The inspector considered that the glass wall had a different appearance from the section of stock brick wall it replaced and that it materially altered the building's external appearance. On that basis, he held that its installation was development under section 55 of the Town and Country Planning Act 1990. He determined that neither the wall nor the spiral staircase formed any part of the proposals for which approval had been granted.
The appellant explained that he intended to complete a glazed roof over an authorised terrace. The glass blocks would then become a window and as such would be permitted development under class A.1(d), part 1, schedule 2 of the General Permitted Development Order 1995, he maintained. But the inspector pointed out that permitted development rights do not apply retrospectively.
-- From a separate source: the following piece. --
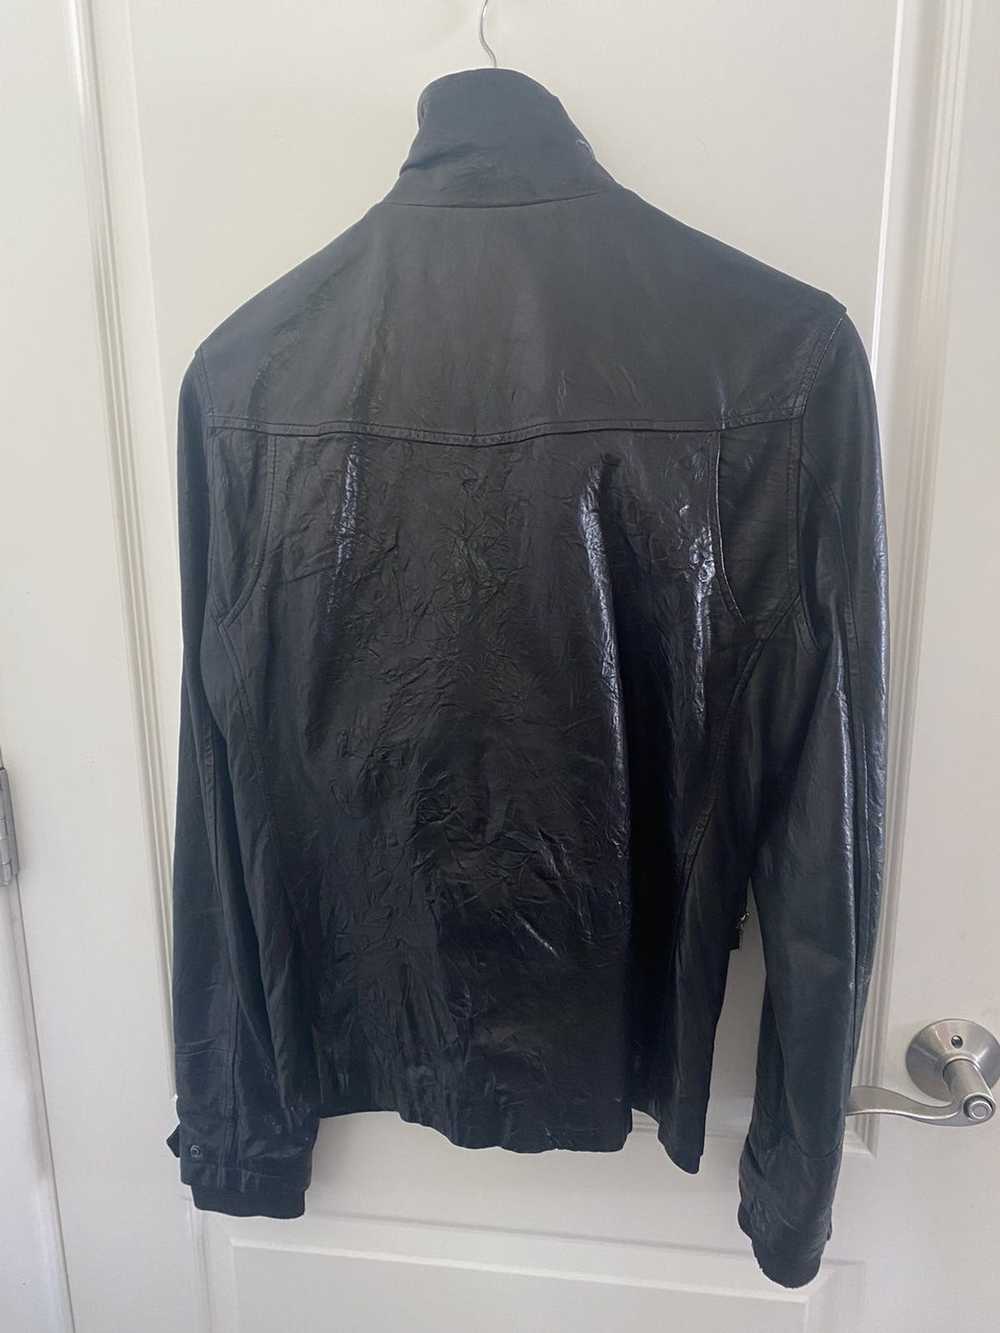 Japanese Brand Trick or Treat Black Leather Jacket - image 4

The wall was excluded from class A.1(d) because it lay within 2m of the boundary of the dwelling and was more than 4m high, he added. On the merits of the development, however, he found that the staircase and glass wall caused no harm to the building's appearance, the conservation area in which it was located or neighbours' living conditions and allowed them to be retained.
The inspector went on to quash an enforcement notice directed against planters installed on the roof of the development. The council contended that they were structures and therefore prohibited by a condition of the planning permission. Citing the tests of size, permanence and physical attachment laid down in the judgement in Cardiff Rating Authority v Guest Keen Baldwin's Iron and Steel Co Ltd (1949), he opined that the small free-standing wooden plant containers could not be regarded as constituting any part of a building for the purposes of section 336 of the act.
DCS No: 100039181; Inspector: Christopher Craig; Hearing.